DATASET EXCERPT ::
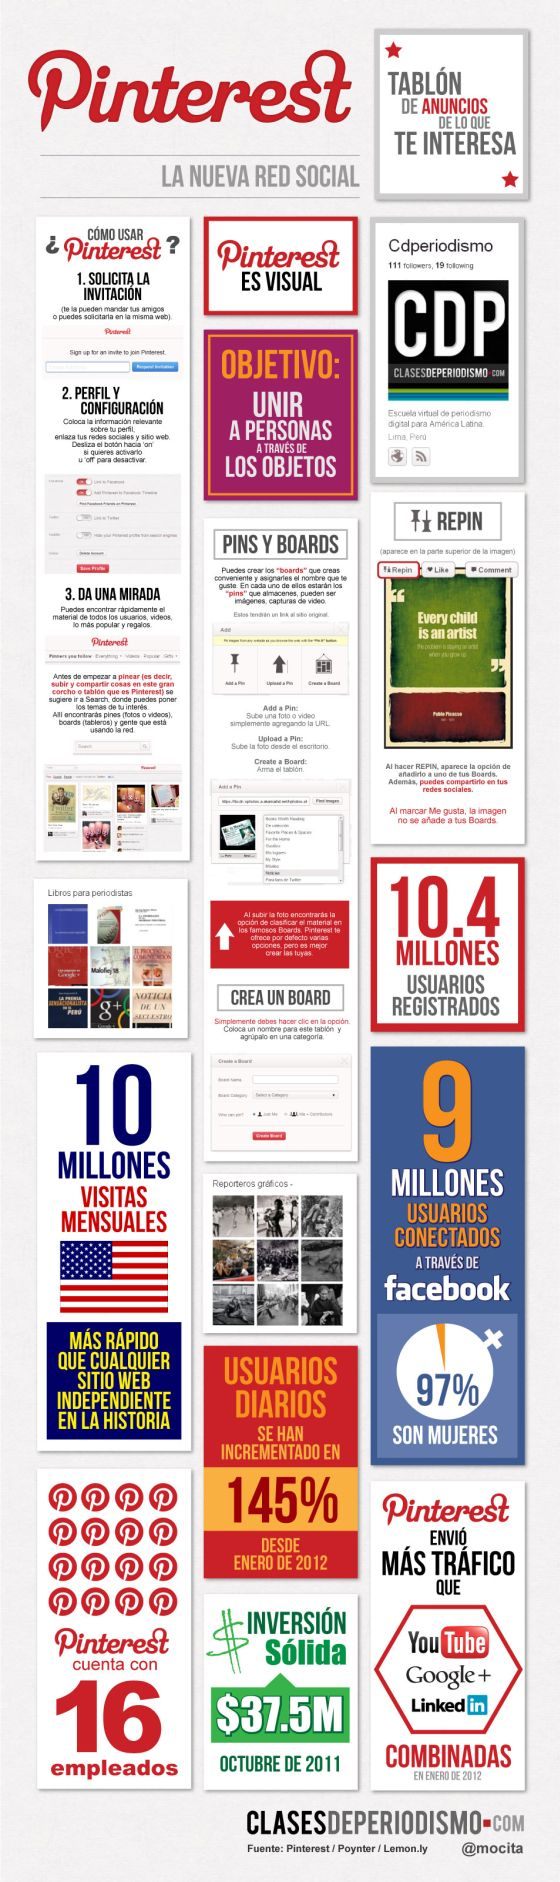 Pinterest infographics (in Spanish, lo siento)
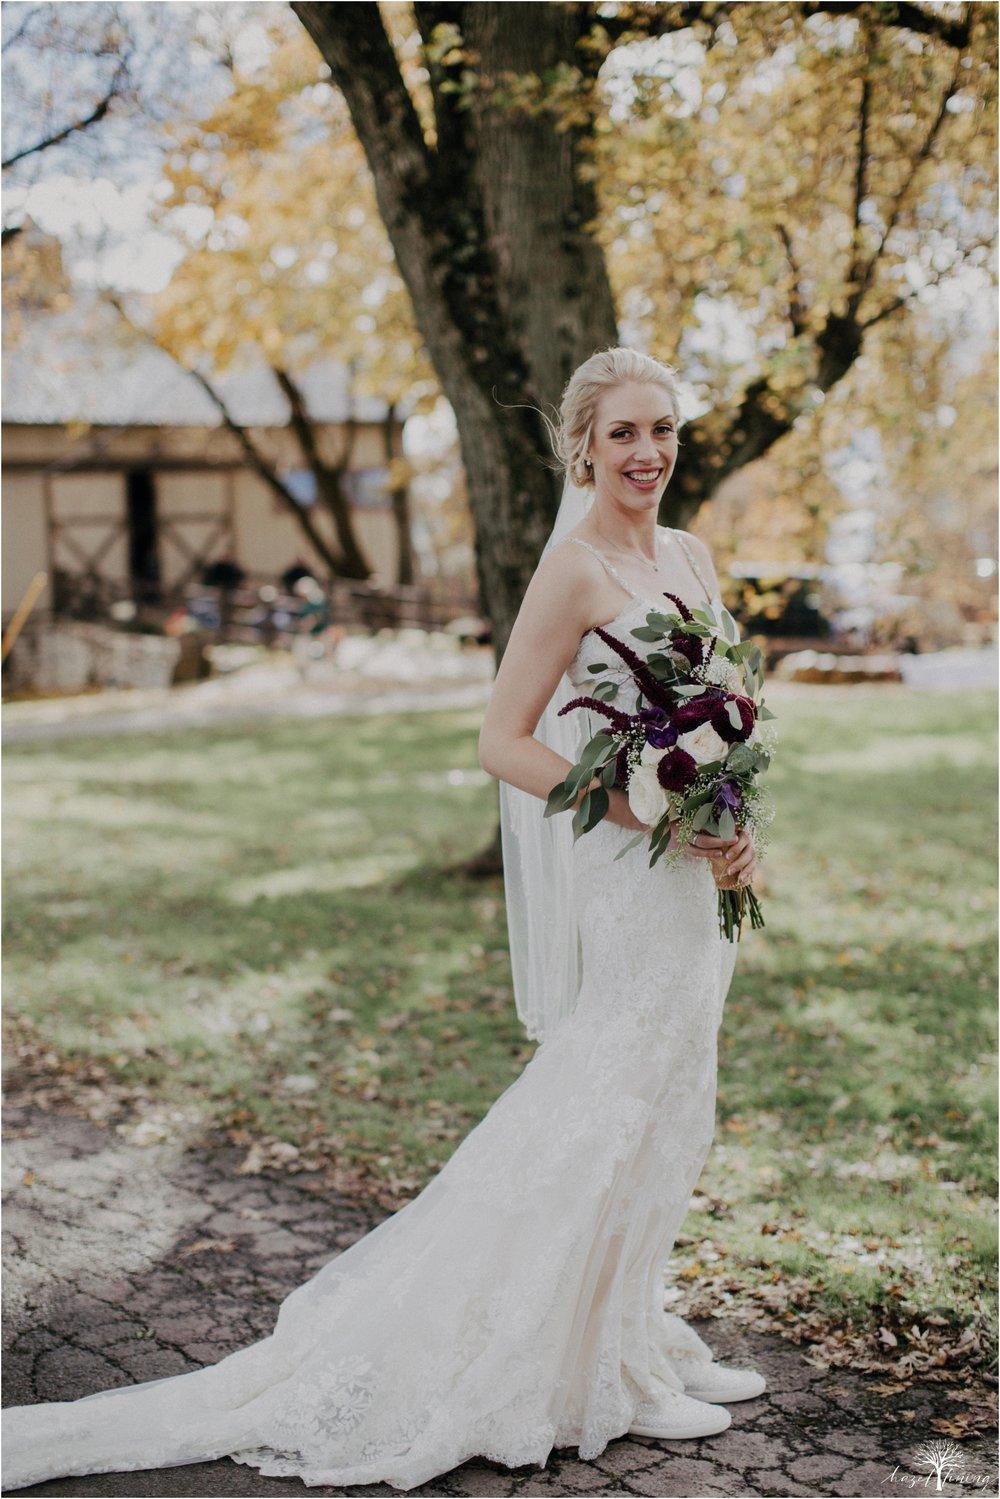 briana-krans-greg-johnston-farm-bakery-and-events-fall-wedding_0037.jpg
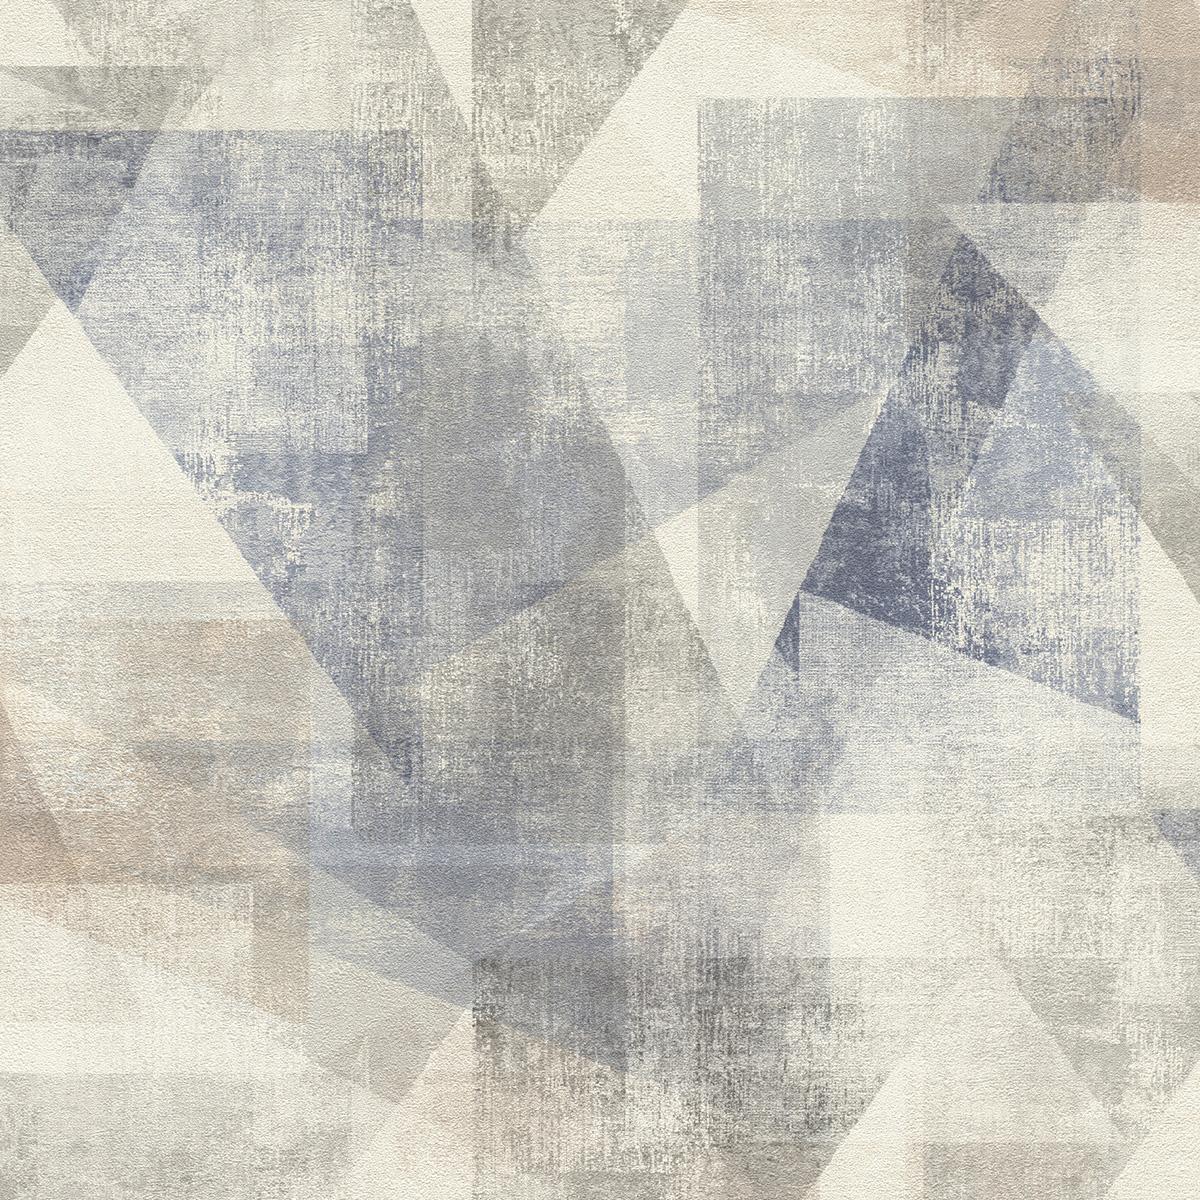 Тапет Инспирейшън 2 цветни абстрактни триъгълници сиво
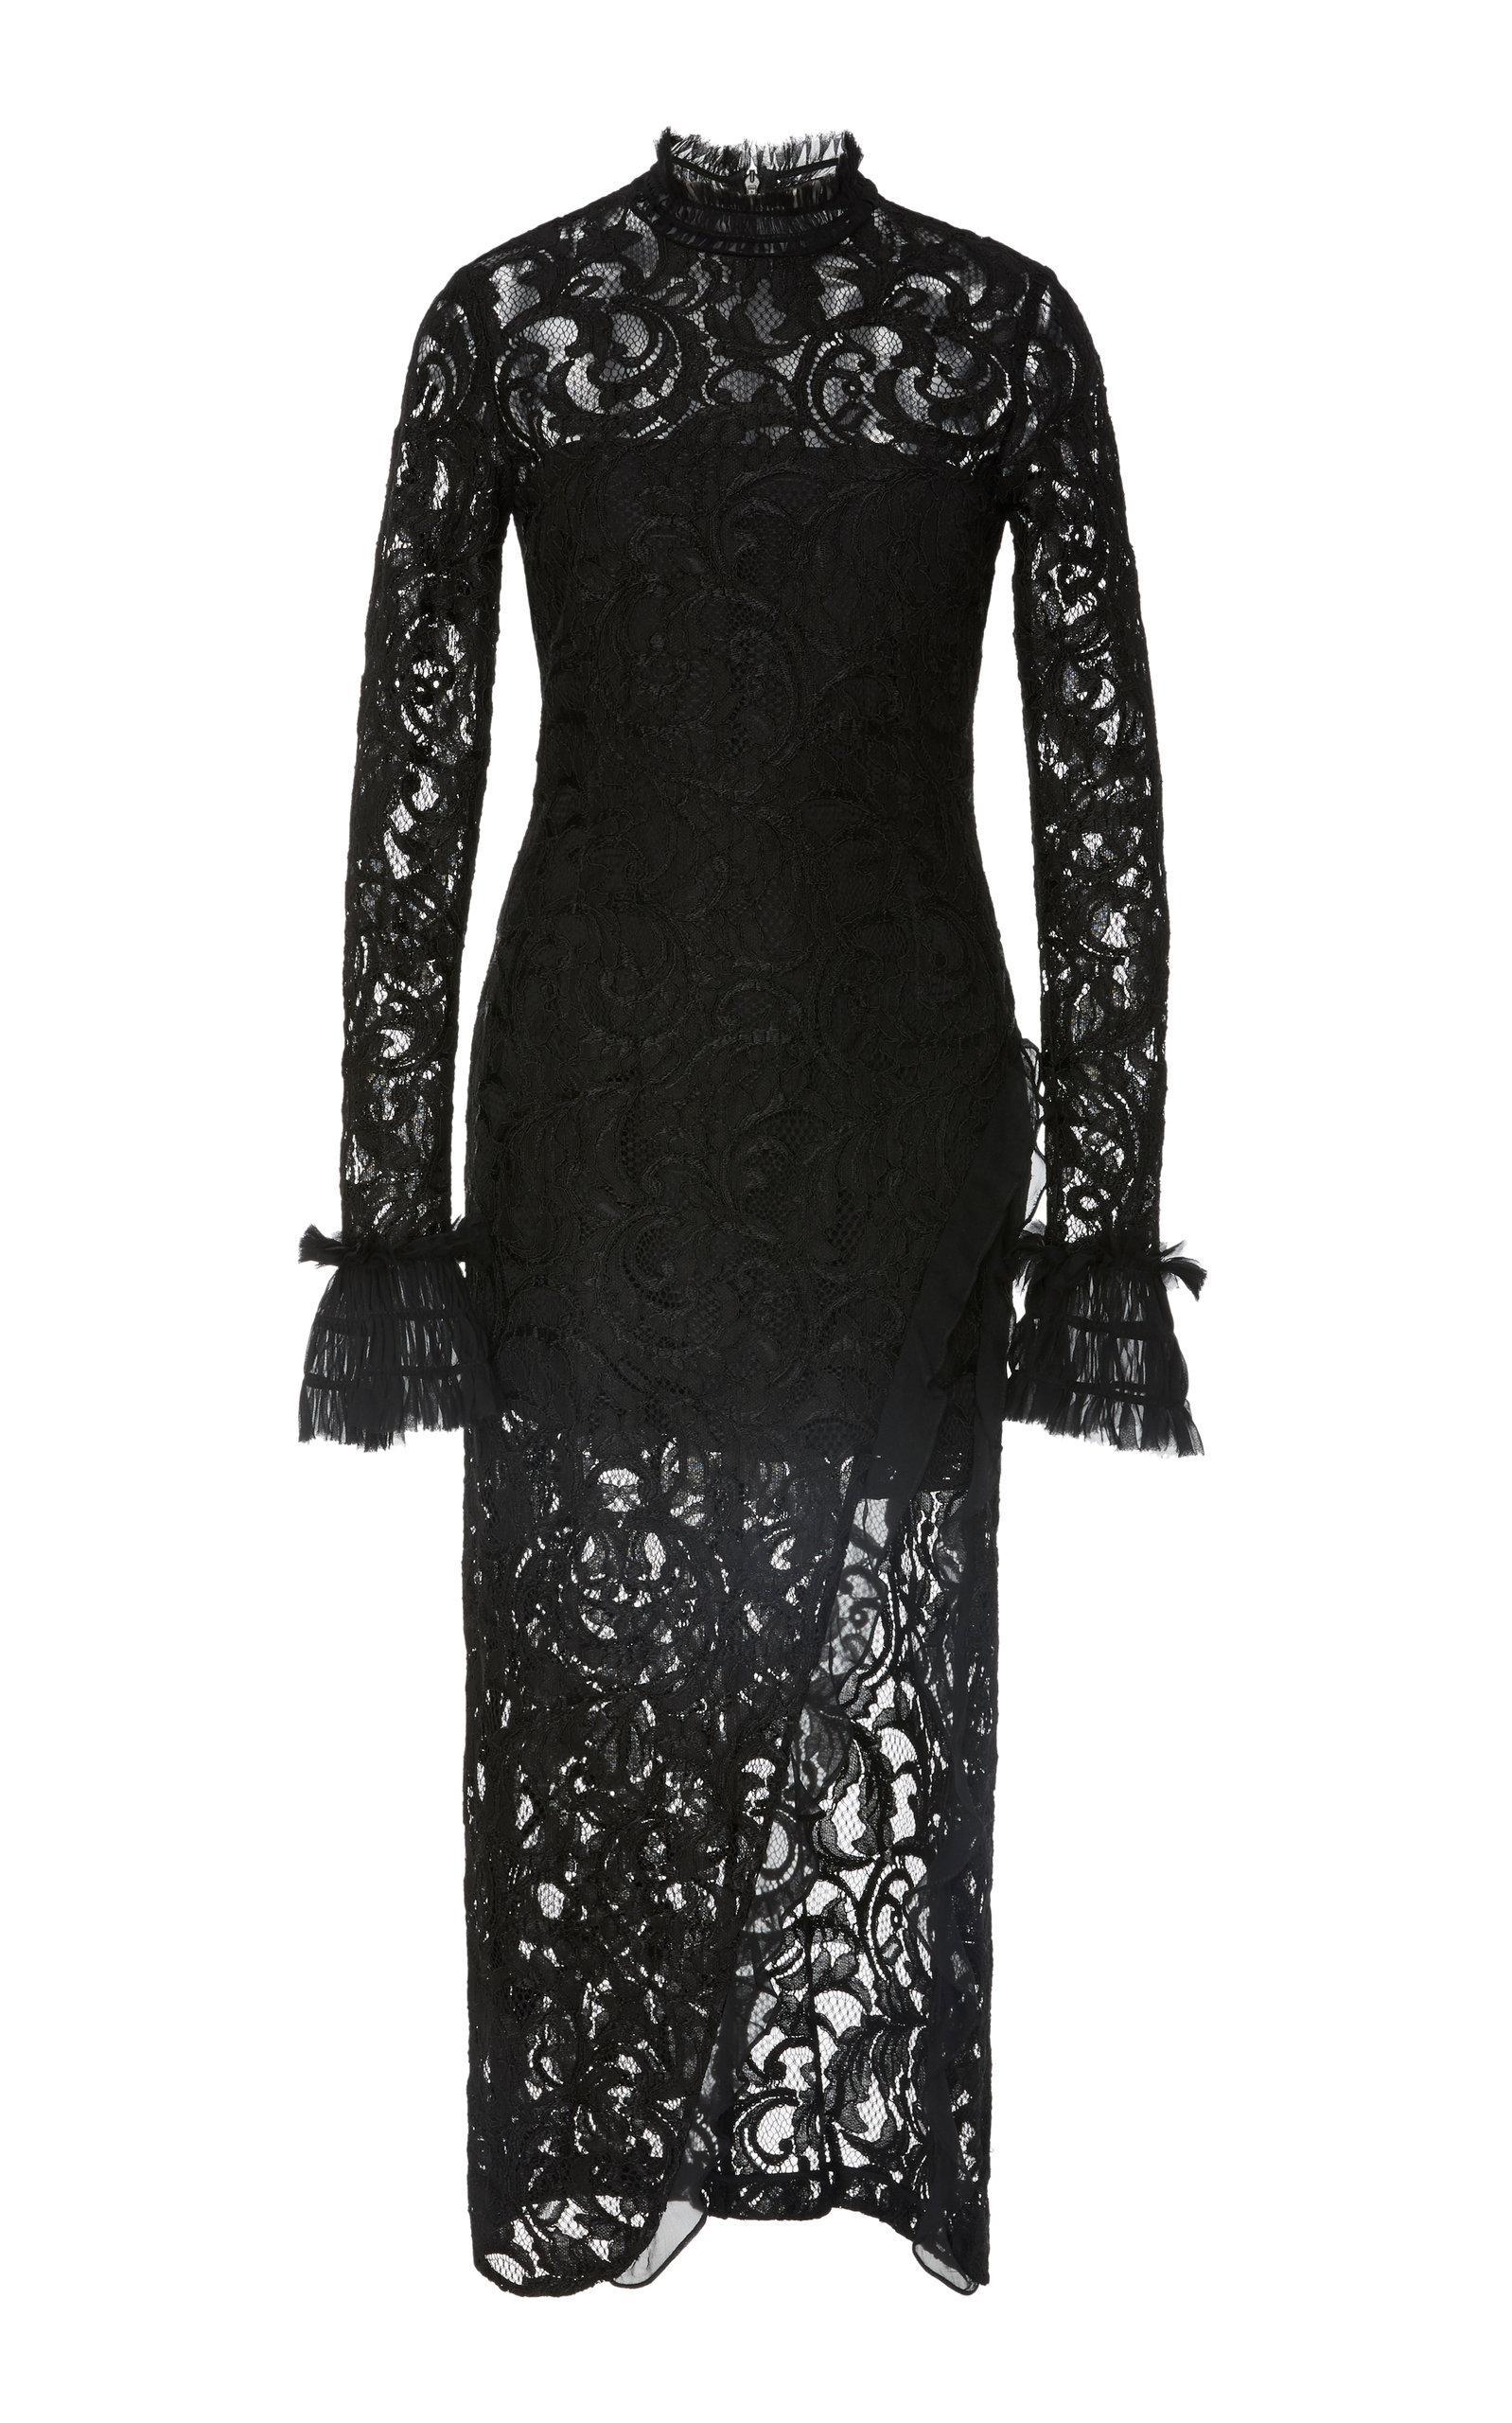 55a93e0a96d10 Alexis Fala Lace Midi Dress in Black - Lyst

AIM OF THE EXERCISE ::
Give an exact copy of the listing above that leaves out every picture.

ANSWER TO THE EXERCISE ::
 Pinterest infographics (in Spanish, lo siento)
 briana-krans-greg-johnston-farm-bakery-and-events-fall-wedding_0037.jpg
 Тапет Инспирейшън 2 цветни абстрактни триъгълници сиво
 55a93e0a96d10 Alexis Fala Lace Midi Dress in Black - Lyst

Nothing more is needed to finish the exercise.